In the time that I’ve served as a professor, the stated purpose of business education has greatly evolved. We once mostly saw ourselves as managers of “farm clubs” that readied students for the big leagues (jobs in business), or as one of my own former professors satirically put it, as “sausage makers who take raw meat (students) and grind out products that don’t give future employers indigestion.” Today, with increased awareness of the impact business has on our lives, broader objectives (such as “for more than profit” or “serve society”) and verbs like “change” and “transform” (for instance, “we prepare responsible leaders who will change business for the better”) regularly appear on our websites. As someone who tries to allow faith to shape my work, I claim to embrace these developments, but my initial reactions when receiving news about the worldly “success” of alums seem to betray me.

This disconnection can be somewhat innocently explained. We educators take parental-like pride in the achievements of our former students. So, it seems appropriate to celebrate their successes. Those of us at smaller institutions are also eager to prove we can play up and students landing competitive, prestigious positions offer validation for our efforts. More insidious, however, are the forces that threaten our efforts to reach the aspirations framed in our mission statements. Stratospheric tuition rates, along with an increasing number of employers (especially high-tech) who no longer require college degrees, means our very existence is in jeopardy if we don’t demonstrate measurable “return on investment” by cranking out easy-to-digest and eager-to-please graduates.1 Furthermore, the profit maximization imperative appears to remain intractable, especially among publicly traded companies. “Movements” like stakeholder capitalism, responsible investing, and sustainability broadcast paradigmatic change. However, they are still primarily justified by their positive effects on profit, calling into question the true motivation behind them. Moreover, the social (non-financial) value they purportedly create can be minimal and/or difficult to measure because of imprecise or overly broad definitions.2

Given these kinds of obstacles, what might it mean to allow our faith to animate our work as Christian Professors of Business? Can we simultaneously serve greater (eternal) purposes like “transforming business,” while also meeting the immediate demands of students, employers/ practitioners, academic guilds, and accreditors? In what follows, I will offer some reflections (“advice”) on these questions by exploring vocationally informed “postures” we can take in our teaching, scholarly, and community engagement activities. My comments will be prefaced with a sober look at some of the challenges in front of us.3 I hope my perspectives will be helpful, especially to those in earlier stages of the same vocational journey.
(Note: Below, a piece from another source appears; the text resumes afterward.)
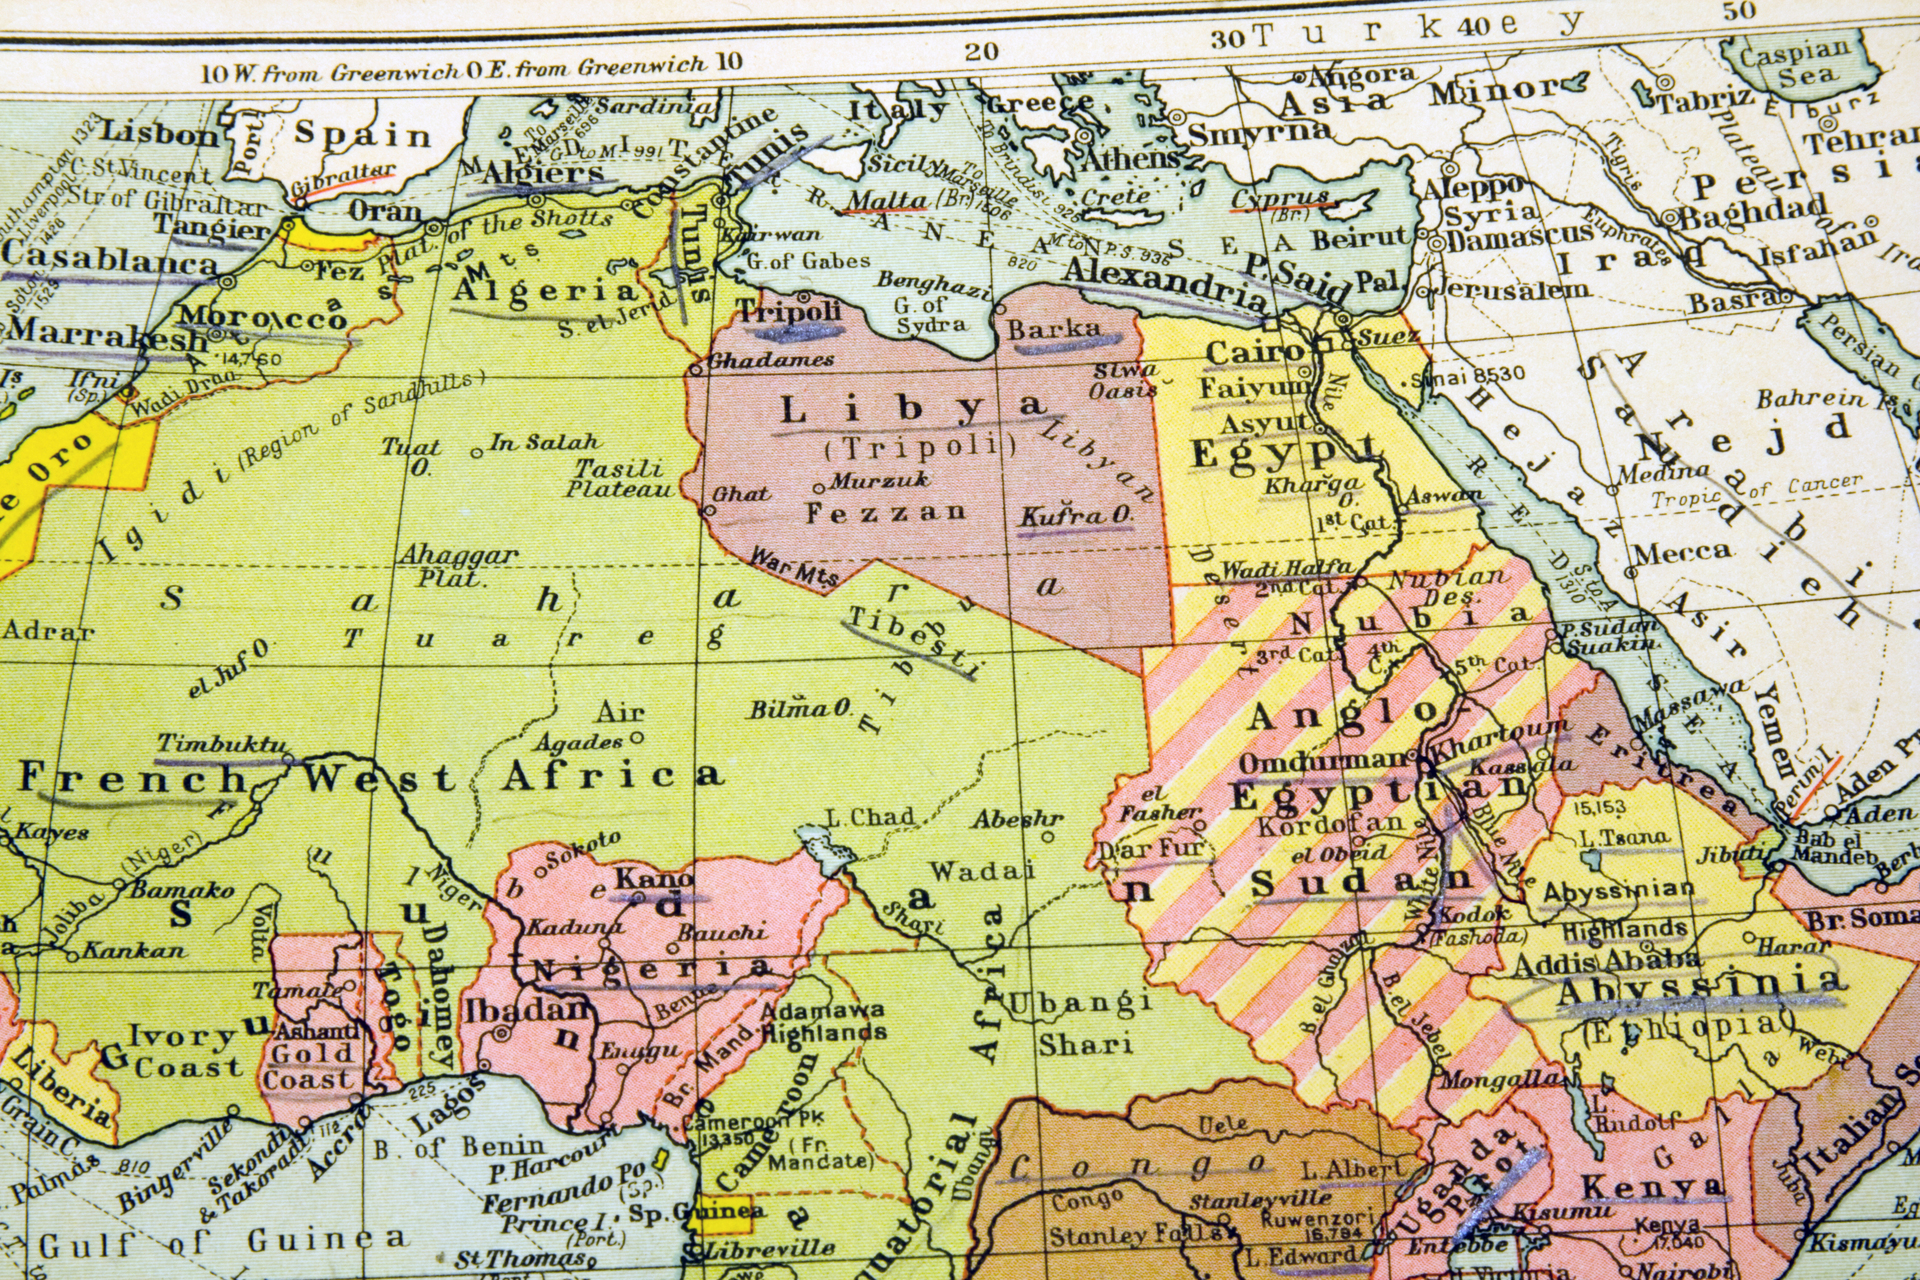 Znacznik w kształcie Afryki na mapie, symbolizujący obszar, w którym wydobywany jest uran

The most tangible reason why many of us feel called to higher education is our love for students, but they can be very challenging to teach. It greatly pains me to acknowledge the lack of engagement some of them display. Evidence exists that business students (on average) spend the least amount of time studying of any major. Furthermore, during their time in college, they demonstrate the lowest gains in critical thinking and writing and attain the lowest scores on the GMAT (graduate business school admission exam).4 To be fair, some of this is our fault as we are the “adults in the room” and should hold them to higher expectations. Yet, it seems fair to say that relatively fewer students enroll in our programs out of innate interest or a sense of calling. It’s not uncommon to hear from my advisees how “bored” they are sitting in our classes. Why then do they choose (or remain in) our major? Several reasons are frequently mentioned when I inquire. A past student candidly stated, “I’m studying business because my goal is to make the amount of money necessary to support a comfortable, upscale lifestyle.” Others fall into the discipline as the primary “default major.” They lack direction, so it’s best to spend four years studying something “practical.” An increasing number come from lower-income families or are first-generation attendees, so pursuing “what they love” isn’t an easily defensible choice. Much of this makes sense, but among the unfortunate consequences are disengagement with one’s studies and a lack of a sense of calling to, or passion for, the work they’re preparing to enter.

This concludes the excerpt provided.